- **Data section**:
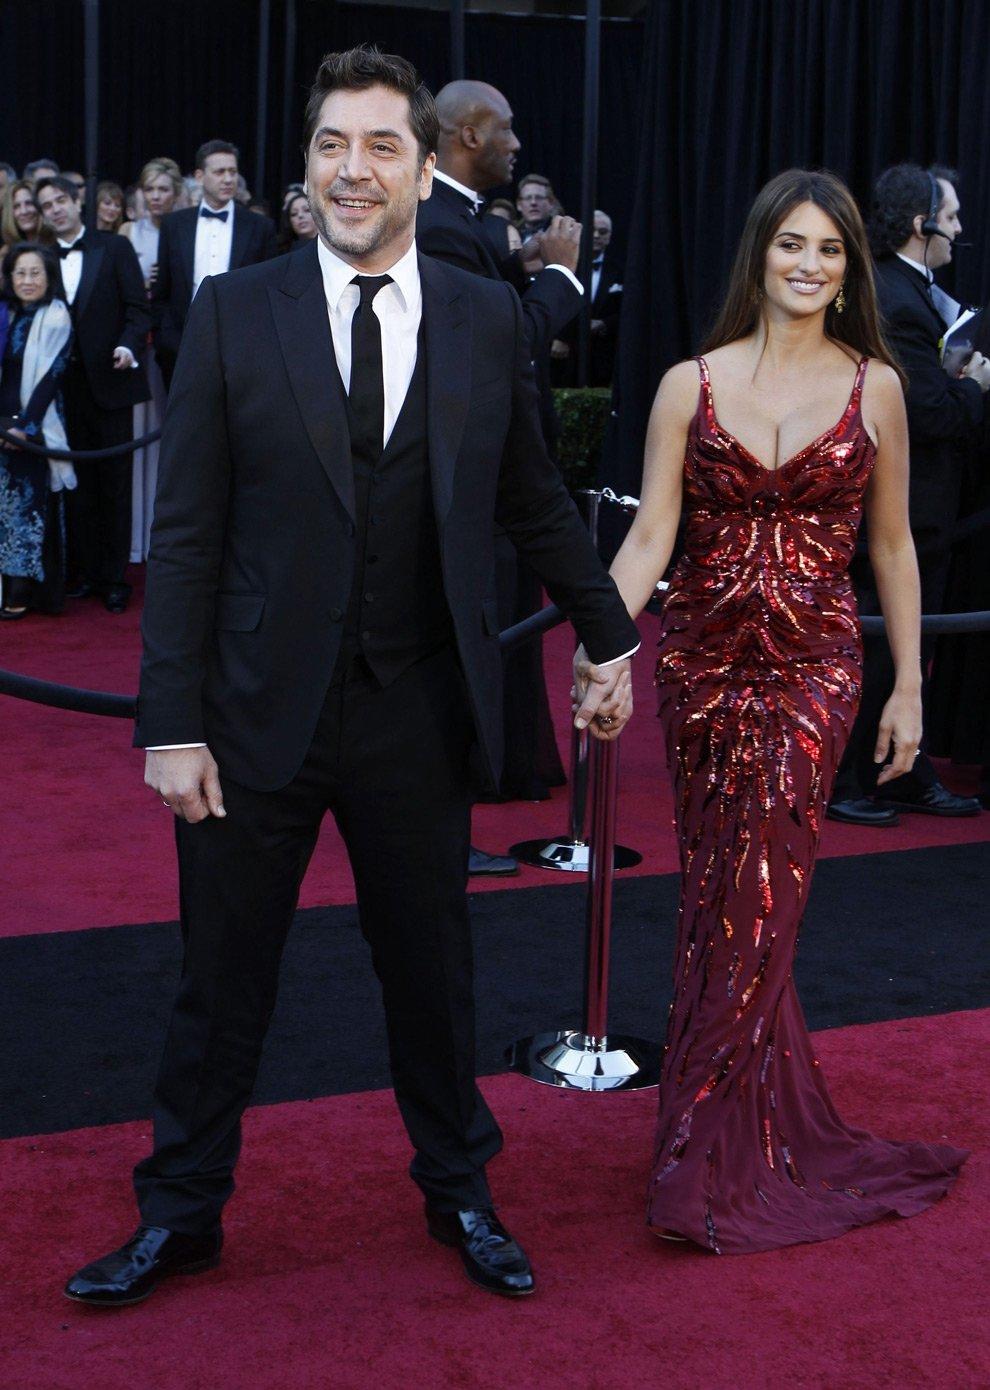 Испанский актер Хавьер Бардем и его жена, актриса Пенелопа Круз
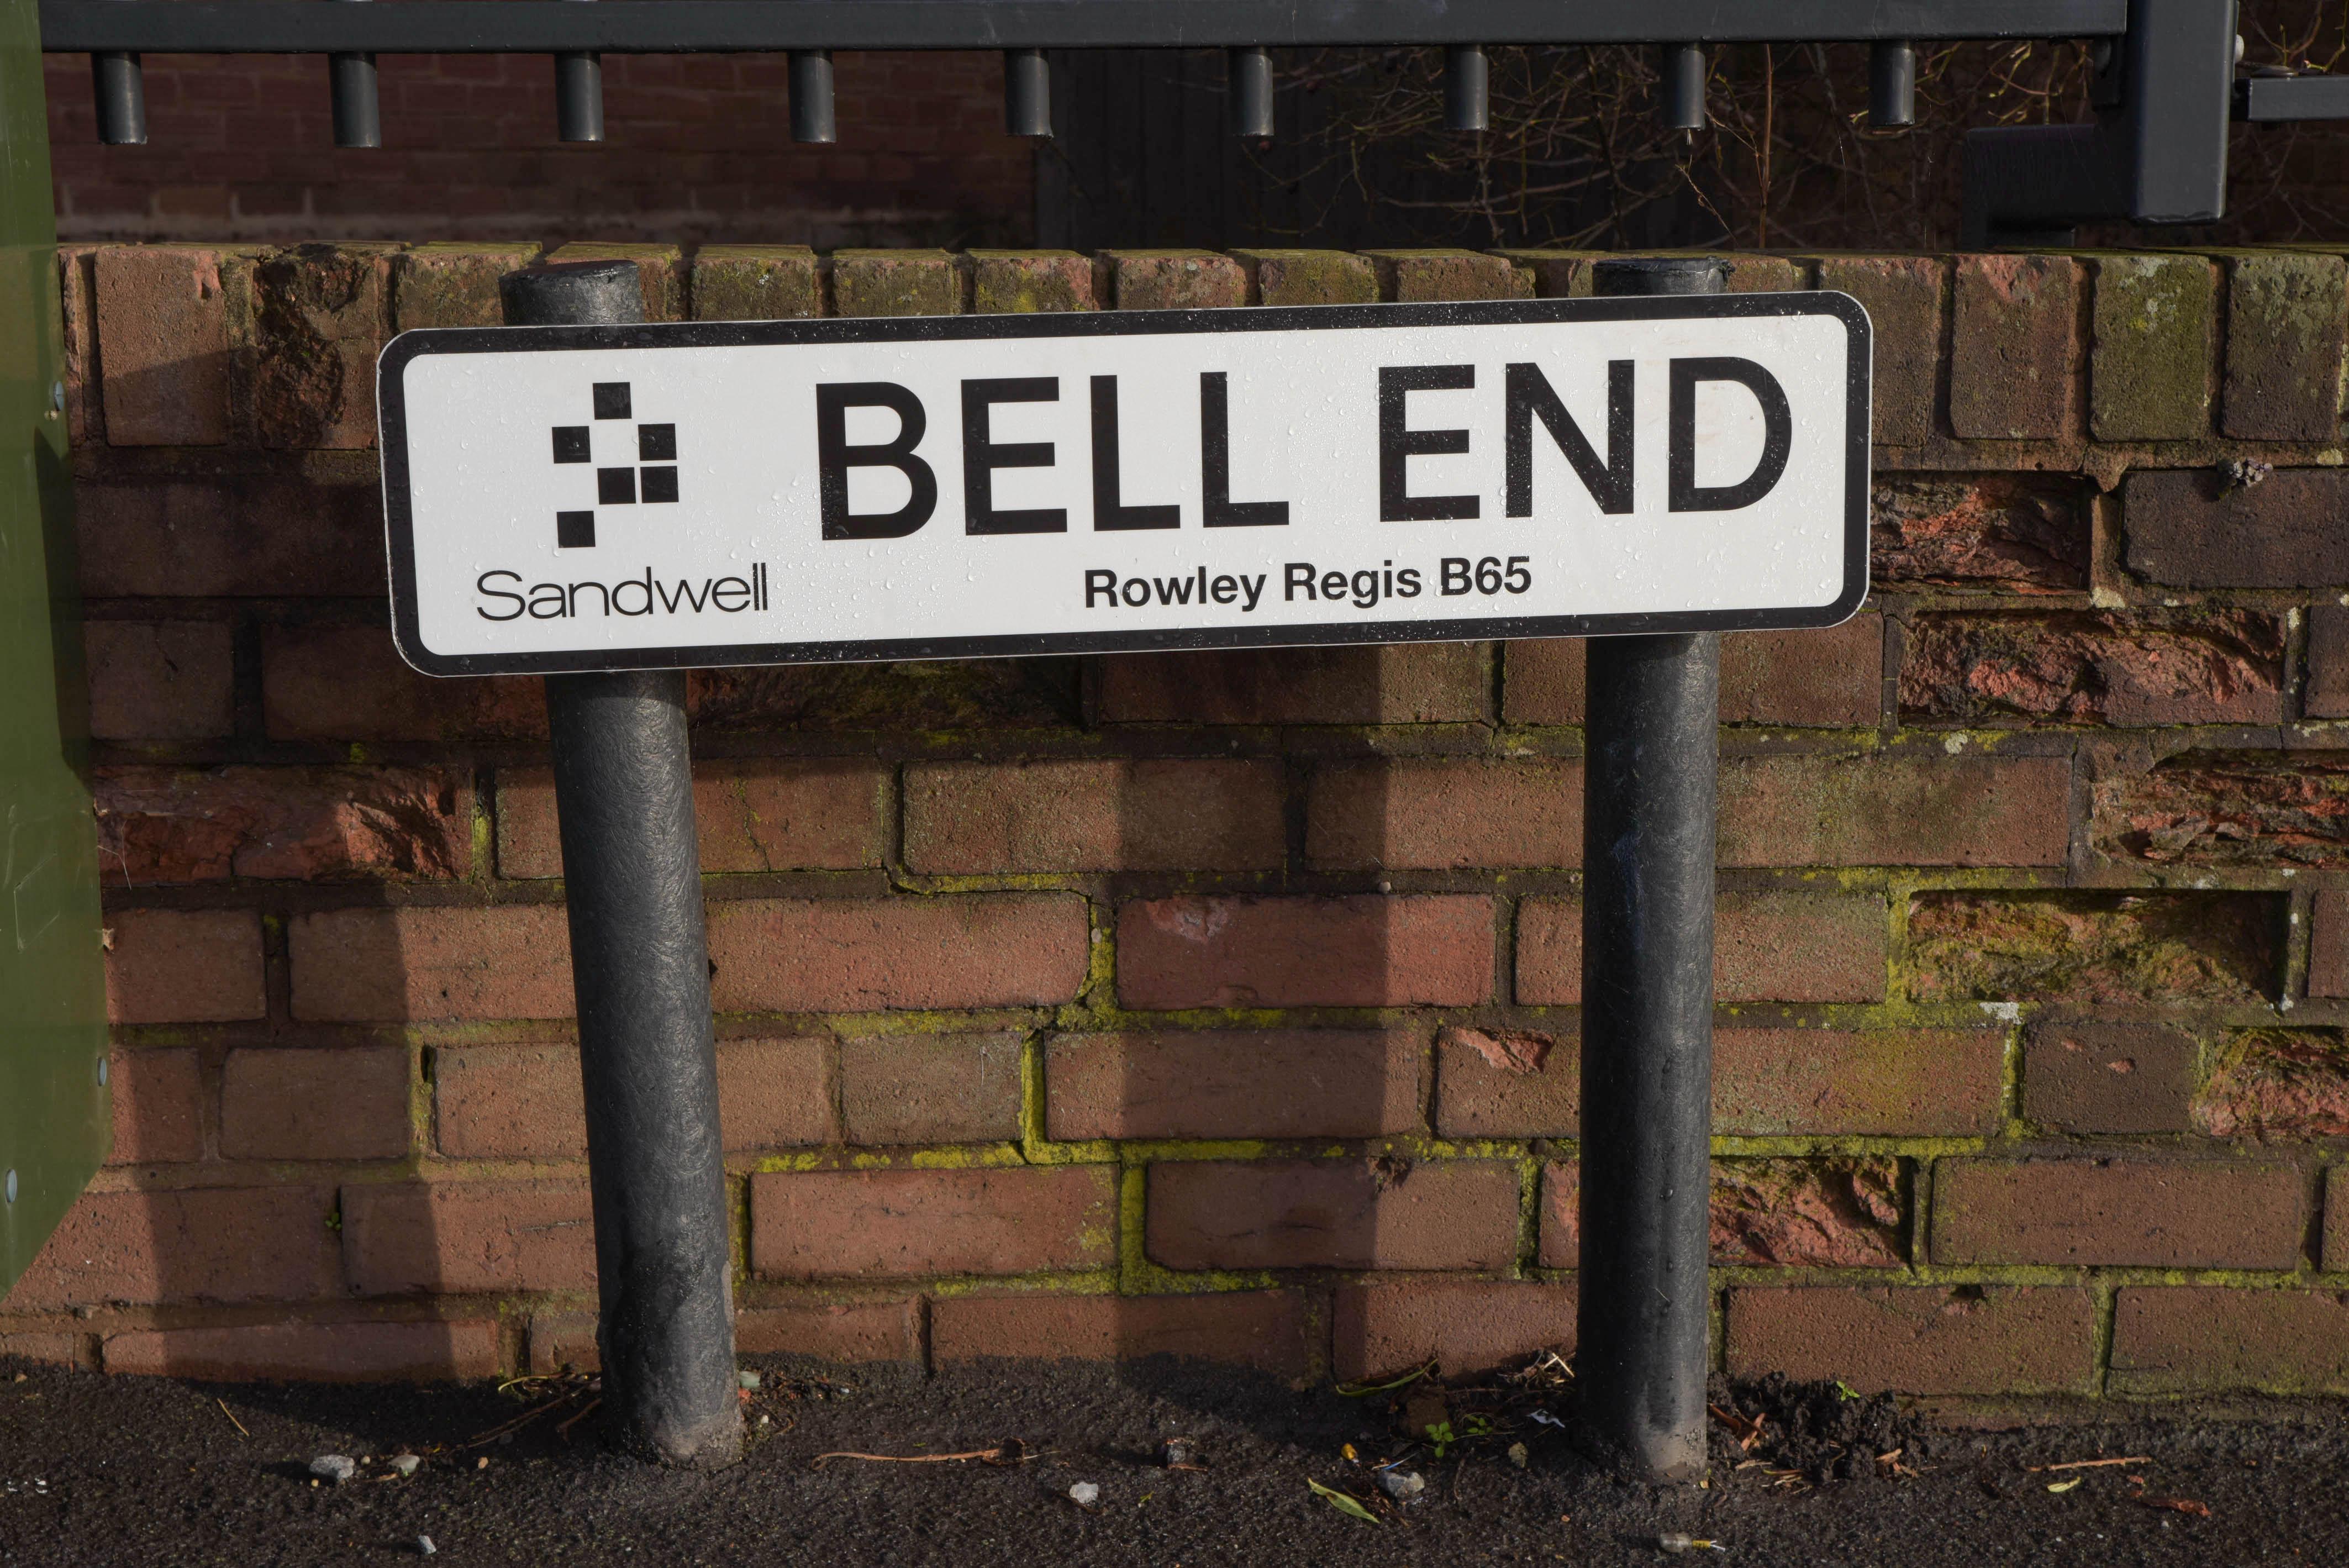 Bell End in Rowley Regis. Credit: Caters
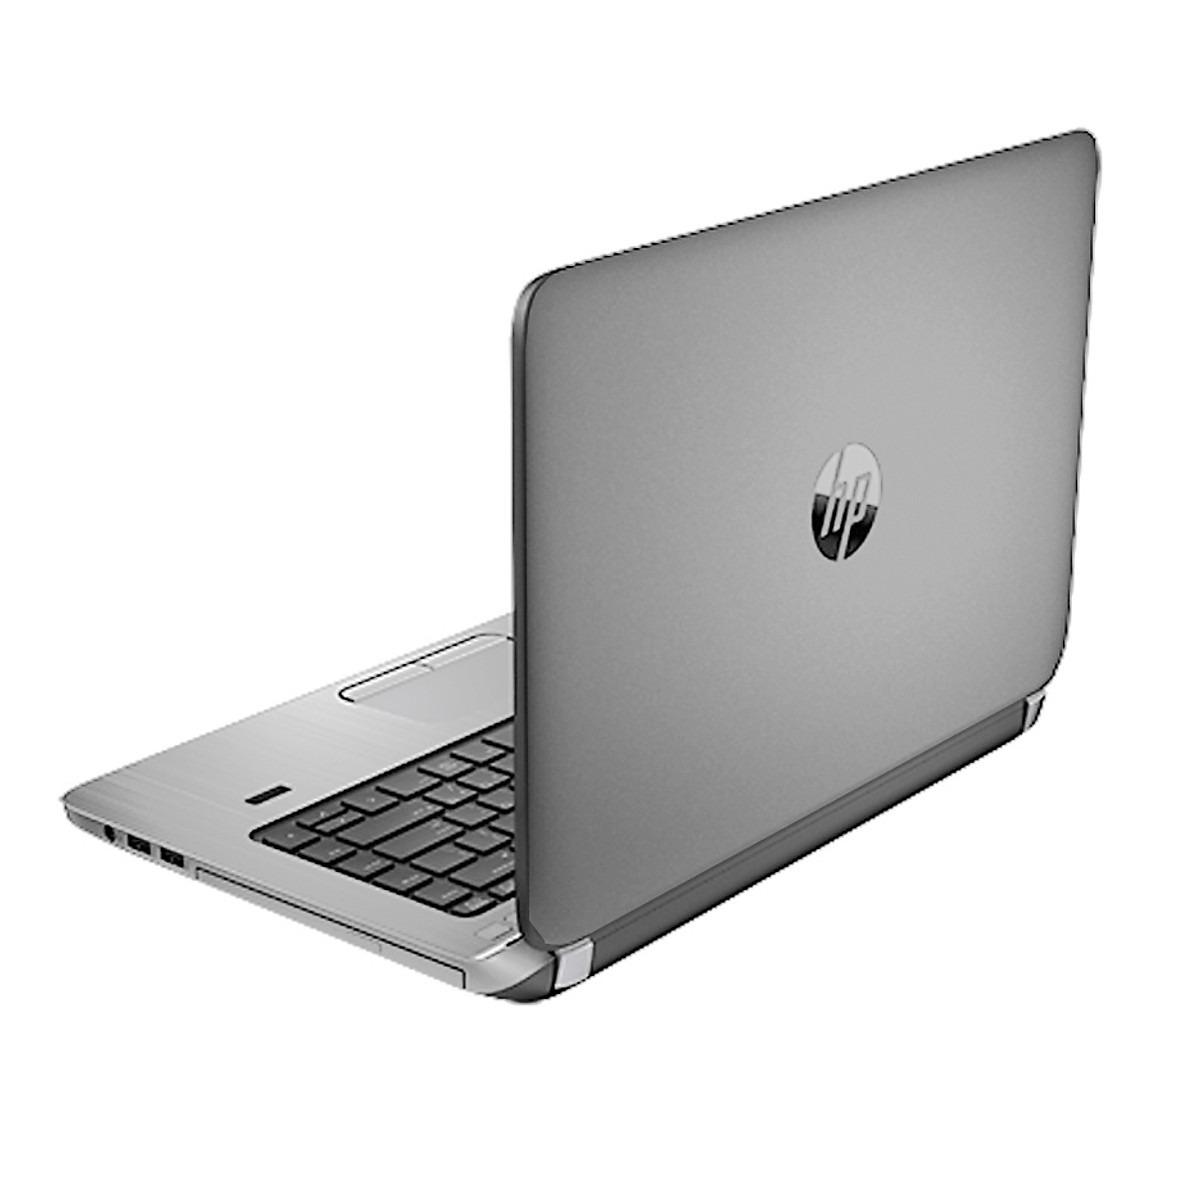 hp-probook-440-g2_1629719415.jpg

- **Your assignment**: Repeat all of the material above exactly, leaving out pictures.

- **Reply**:
 Испанский актер Хавьер Бардем и его жена, актриса Пенелопа Круз
 Bell End in Rowley Regis. Credit: Caters
 hp-probook-440-g2_1629719415.jpg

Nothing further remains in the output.